Согласно режиссерскому замыслу, спектакль должен начинаться непринужденно, когда зрители еще в фойе. Голоса начинают звучать из динамиков холла Новой сцены, пара актеров неспешно спускаются со второго этажа по лестнице, мониторы показывают монохромные фотографии музейных объектов. Но бытовой диалог с билетером обрубает возможность погружения в магию театрального действия. В такой прелюдии к спектаклю создатели заявили о желании поиграть со зрителем, начав представление «на его поле». Однако актуализировать зрителя как полноправного участника игры им удалось позднее, в самом финале, когда постоянно движущаяся сцена остановилась и вновь стала плоской, когда внимание приковала мертвенная белизна одинокого стола, как бы говорящего, что ничего здесь не было и быть не могло, когда в силу вступило уже не воображение, а Ее Величество Память.

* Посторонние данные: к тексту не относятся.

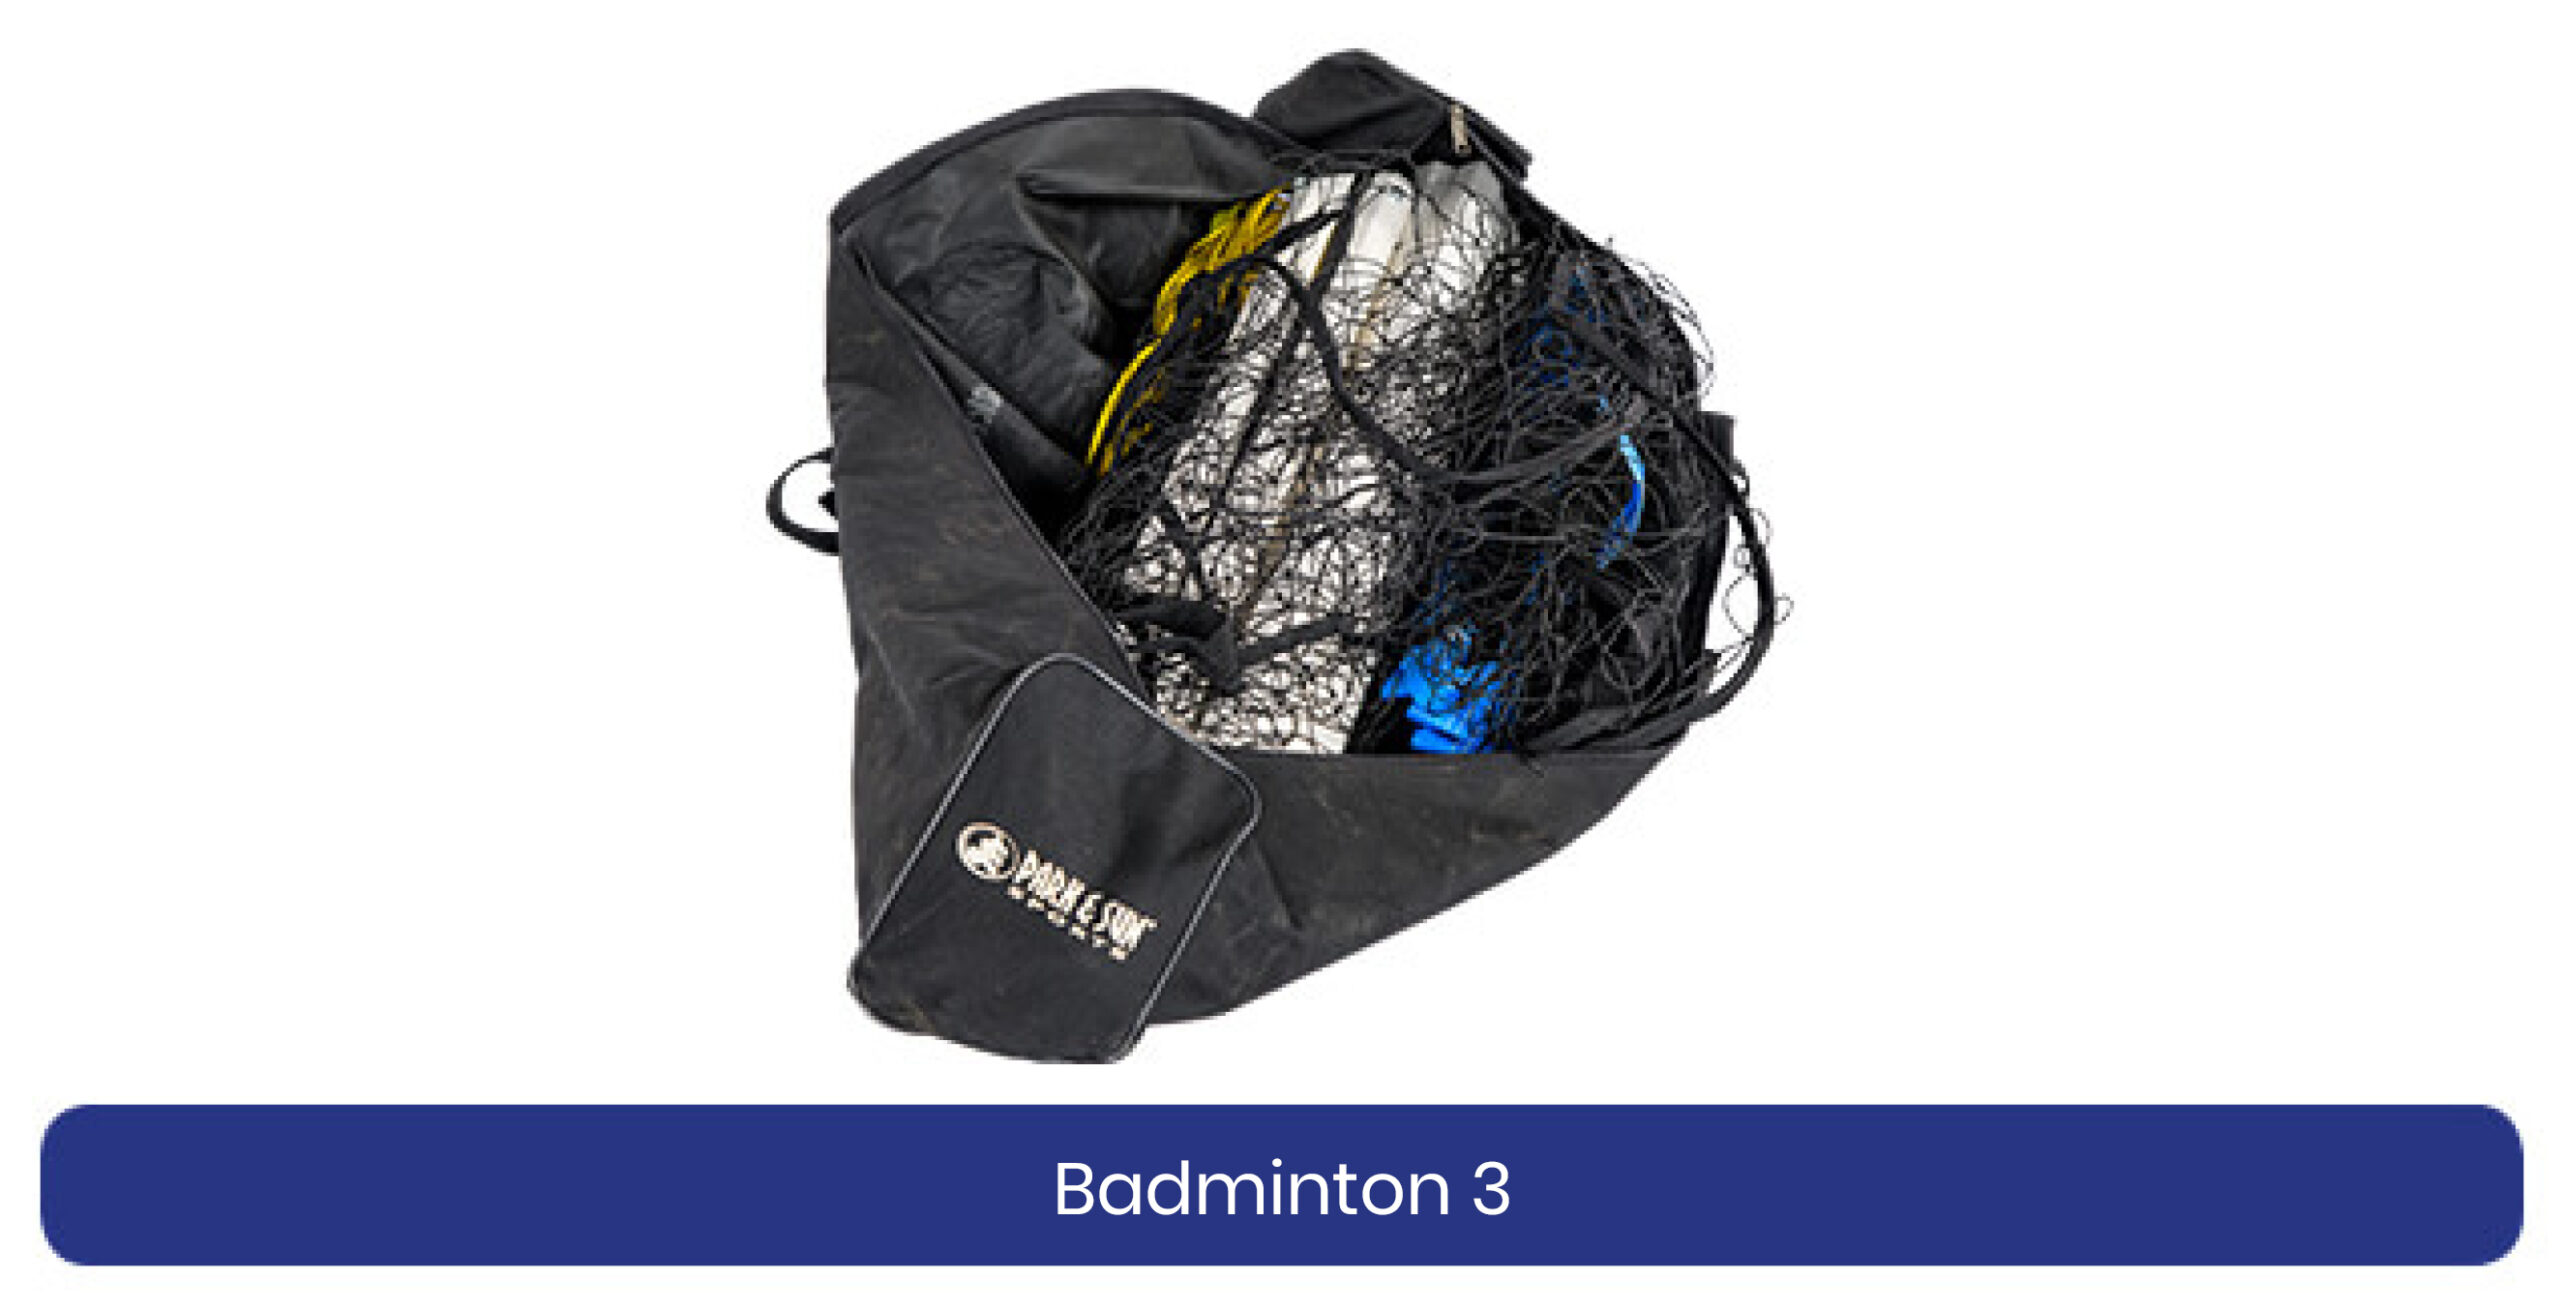 Badminton 3 lenen product

Я вот не могла предаться медитативно-эстетским волнам спектакля.
Ибо! Нет ничего печальнее претензии на эстетизм, когда плохо пошиты костюмы, не блестят мужские туфли, а лица и спины героев нового «барокко» приехали к нам на метро в час пик или пришли из пьес Пряжко. Когда штаны помяты, лица несвежи и, мягко говоря, не аристократичны, а плечи в лучшем случае тренированы турником, – какие могут быть позы, статуарность, отвлеченная красота? От чего отвлеченная?
Какое-то количество лет назад в Петербурге умер последний портной, умевший строить фрак. Не шить – строить, фраки именно строили. Очевидно, надо с этим смириться. И не только с тем, что настоящих фраков теперь нет, но и с тем, что нет никого, кто может их носить. Нет спин. Мы плебеи. Коко Шанель не может одеть героев Пряжко (хотя вот было бы забавно), а Лёша Лобанов не видит, как дурно одеты им герои Роб-Грийе…
Не видит этого и режиссер. Наверное, Д. Волкострелову, складывающему слово «вечность», сонно переставляющему объекты-фигуры с тумбы на тумбу в сюрреалистском пространстве своих шахматных упражнений, словно продолжающих турнир Карпова и Каспарова из его предыдущего спектакля «Роценкранц и Гильденстерн», — не интересна «живая натура». Но и неживая она – антиэстетична: нестройный человек в мятых брюках, принимающий аристократические позы, или трое помятых, синхронно мечущие карты, — это, что ли, называется красотой и эстетизмом? Это, знаете, как влюбленность г-на Журдена в прекрасную маркизу и мещанская мечта о купленном дворянстве…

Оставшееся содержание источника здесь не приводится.